Por: Columnista invitado

El injusto fútbol

Es difícil de explicar el fútbol cuando se habla desde el resultado.

México quería hacer historia y fue construyendo una victoria con orden, paciencia e inteligencia, pero el deporte tiene esas variables que permiten a los competidores aprovechar sus momentos, y fue ahí donde Holanda supo sacar la ventaja.

Esta vez el fútbol castigó a México y a su entrenador, porque es él quien maneja las voluntades del equipo: si se saca un delantero por un defensor, se le está transmitiendo al grupo que defienda, y si se saca un defensa y se mete un delantero, se le transmite que ataque.

En el fútbol no hay verdades absolutas y nunca se debe resignar la posibilidad de atacar y de sostener la pelota cuando se está ganando. Ceder la posesión del balón hace que el rival se instale en el campo contrario y así el partido se convierte en una resistencia. Puede salir bien, como le salió a Colombia después del 2-0 frente a Uruguay, pero a México no le funcionó.

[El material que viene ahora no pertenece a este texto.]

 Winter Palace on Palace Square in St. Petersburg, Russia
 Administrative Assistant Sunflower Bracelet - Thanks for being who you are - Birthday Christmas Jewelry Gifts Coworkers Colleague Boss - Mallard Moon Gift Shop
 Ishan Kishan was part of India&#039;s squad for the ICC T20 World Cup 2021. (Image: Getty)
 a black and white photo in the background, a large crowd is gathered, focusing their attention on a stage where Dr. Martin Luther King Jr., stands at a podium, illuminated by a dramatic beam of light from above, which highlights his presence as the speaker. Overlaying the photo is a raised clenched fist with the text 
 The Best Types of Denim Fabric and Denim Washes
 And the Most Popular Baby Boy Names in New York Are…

A pesar del buen partido que estaba jugando México, Holanda supo fructificar sus buenos momentos con eficacia y precisión, superando la adversidad que tenía durante el partido. Primero, empatando un encuentro que se le mostraba adverso; luego, aprovechando el golpe anímico. Eso es el fútbol, un deporte en el que cuentan los estados de ánimo.

El empate logró que Holanda tuviera un oxígeno y le dio la sensación de que podía remontar el resultado, tal como ya lo había hecho antes en este Mundial. Consiguió sobreponerse a la adversidad gracias a las capacidades e individualidades que tiene con Robben, quien en el último minuto hizo la pausa y enganchó haciendo que Márquez le cometiera la falta.

Esas individualidades desequilibran y ayudan a resolver lo que en conjunto no se puede. De esta manera, Holanda logró llevarse el partido con la gran capacidad de un solo jugador. Después, Huntelaar concretó desde el punto del penal para que los holandeses consiguieran su pase a cuartos de final.

El fútbol no conoce de justicias ni de merecimientos, el fútbol es eficacia, es concretar goles y aprovechar momentos favorables. Por eso ganó Holanda, porque tuvo la capacidad de aprovechar ese par de lapsos para quedarse con una victoria en la que no se analiza la justicia.